We had left the Marquesas seven days previously, and were now becalmed in that maze of atolls known as the Paumotu or Low Archipelago.
Imagine a circular beach of glistening coral sand and green vegetation from five to fifty yards wide, thrust up through the sea for all the world like a hedge, and enclosing a garden of coral fronds submerged under water so still and clear as to be hardly visible, and you have an atoll as I saw it from the masthead.
And there were myriads of them—big atolls, little atolls, fat and thin atolls—fading away into the shimmering heat haze of the horizon. The fairies must have been mighty busy down this way.
I descended to the deck and things mundane. What to do when becalmed in a network of coral reefs and seven-knot currents was the problem that confronted us. I had no text book on the subject, but by some miracle the monstrosity was persuaded to fire on two cylinders.
Imagine yourself, then, passing through the narrow gateway in the hedge—I should say, passage in the reef—and coming to anchor in the garden—I mean lagoon.
It is sunrise, and already the pearling canoes are putting out from the village and scurrying to the fishing grounds over the glassy surface of the lagoon.
A fine people, these of the atolls—upstanding, deep of chest, a race of mermen if ever there was one. From birth up, if they are not in the water they are on it or as close to it as they can get. Take them inland and they die. So they squat on their canoe outriggers, smoking, chatting, laughing, until the spirit moves them (nothing else will), and one of their number drops from sight, feet first, with hardly a ripple.

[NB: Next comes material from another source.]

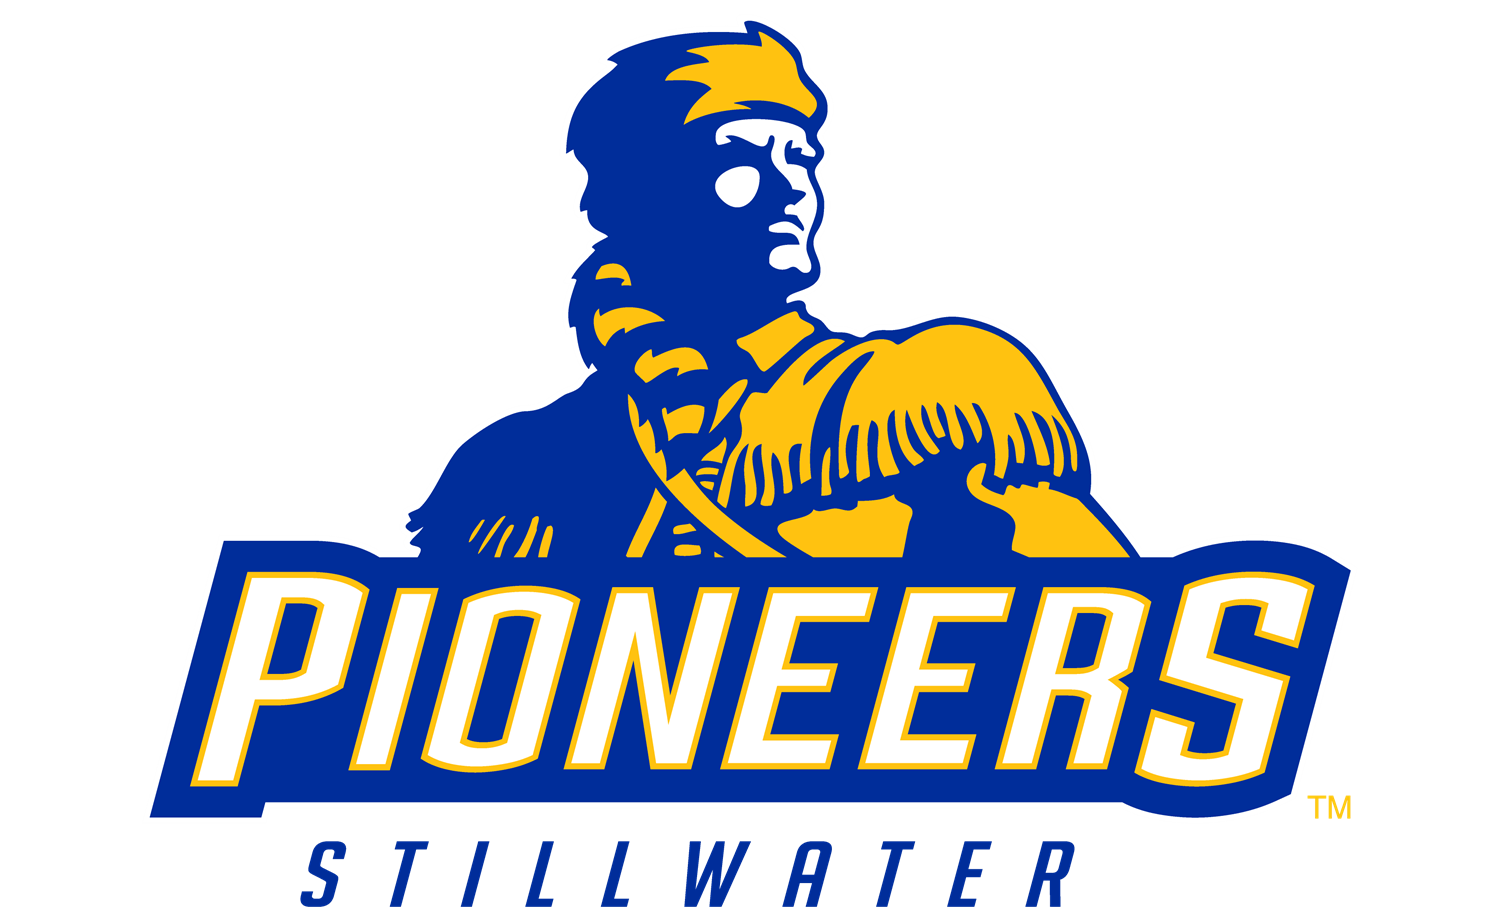 Stillwater Pioneers Logo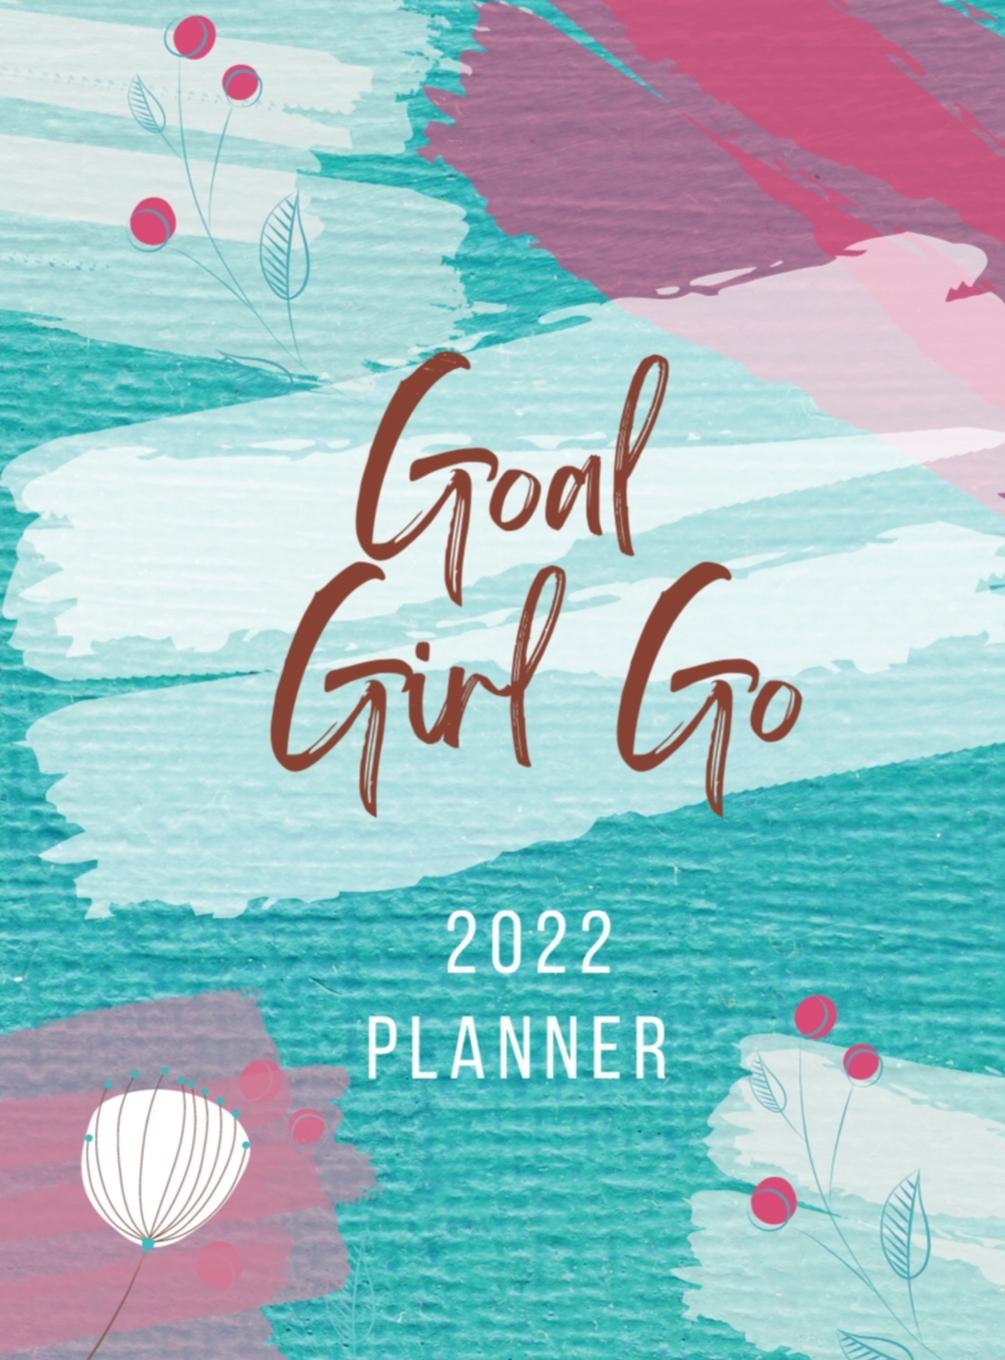 Kniha Goal Girl Go 2022 Planner

You look down and you see him, as though through green-tinted glass, crouched on the sloping floor of the lagoon. He is plucking oysters as one would gather flowers in a garden. There is no haste in his movements, nothing to indicate that there is any time limit to his remaining down there, under anything from five to fifteen fathoms of water.
A minute passes, two minutes; still he pursues his leisurely way, plucking to right and left and thrusting the shells into a network bag about his neck.
The man of the atolls is in a world of his own where none but his kind can follow, and they still squat on their outriggers, chatting and laughing like a crowd of boys at a swimming pool.